Description of the disaster
Tropical Cyclone Idai affected over 1.8 million people, according to the National Institute for Crisis Management (INGC). Landfalls on the city of Beira affected especially the Sofala, Zambezia, Tete and Manica provinces. In these provinces alone, 140,000 people people were displaced and sheltered in 143 accommodation centers. The latest IOM’s Situation Report (19th July-31st August) indicate 66 relocation sites are still open hosting 80,190 individuals (16,665 households).
Tropical Cyclone Kenneth made landfall through the Cabo Delgado Province on 25 April. The winds hit especially Macomia and Ibo districts. This resulted in 286,282 people directly affected. ACAPS reports mentioned approximately 45,000 houses partially or destroyed. 4 accommodation centers have been set-up to accommodate 881 households, and additional relocation sites are hosting a considerable number of displaced households.
Amidst the cyclones, the Government of Mozambique declared an outbreak of Cholera in late March, after detection of 5 cases amongst 2,500 cases of watery diarrhea. The disease quickly escalated and by mid-April, 6,382 cholera cases were reported in 4 districts in Sofala: Buzi,
Nhamatanda, Dondo and Beira. A mass vaccination was set in motion under the leadership of the Ministry of Health and WHO, covering 98.6% of the targeted population. The spread of the outbreak was contained, and last case reported on 18 May.

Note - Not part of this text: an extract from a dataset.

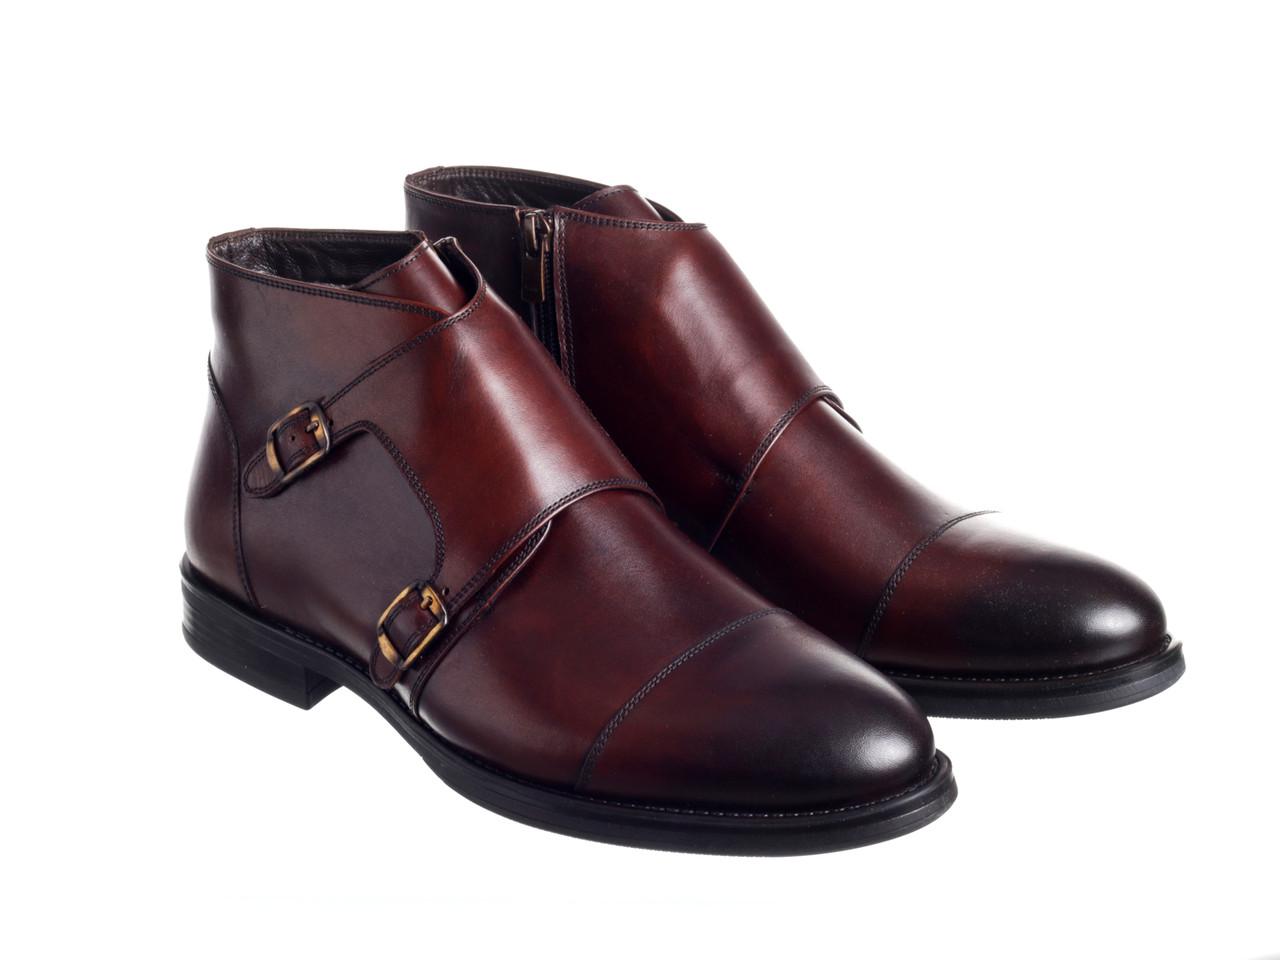 Ботинки Etor 14551-7376-1099 коричневые

The impact of the cyclones is overwhelming over the populations. Mozambique is experiencing its worst food insecurity emergency since the 2015/16 drought, with an atypically high number of households in need of food assistance. This is the result of the destruction of agricultural lands by the cyclones with associated torrential rainfall and severe flooding in an area that is the country´s barn. The communities targeted by this operation have also not been spared from these shocks. According to the UN Humanitarian Country Team, three months after the cyclones hit, more than half a million people (100,000 households) are reportedly still living in destroyed or structurally damaged homes, sheltered in resettlement sites or remain displaced in emergency accommodation. Many of these locations are unsafe, inadequately prepared, and lack access to fundamental basic goods and services. This situation may deteriorate with the rainy season expected to start in November, if relief preparedness operations are not kept at the necessary level.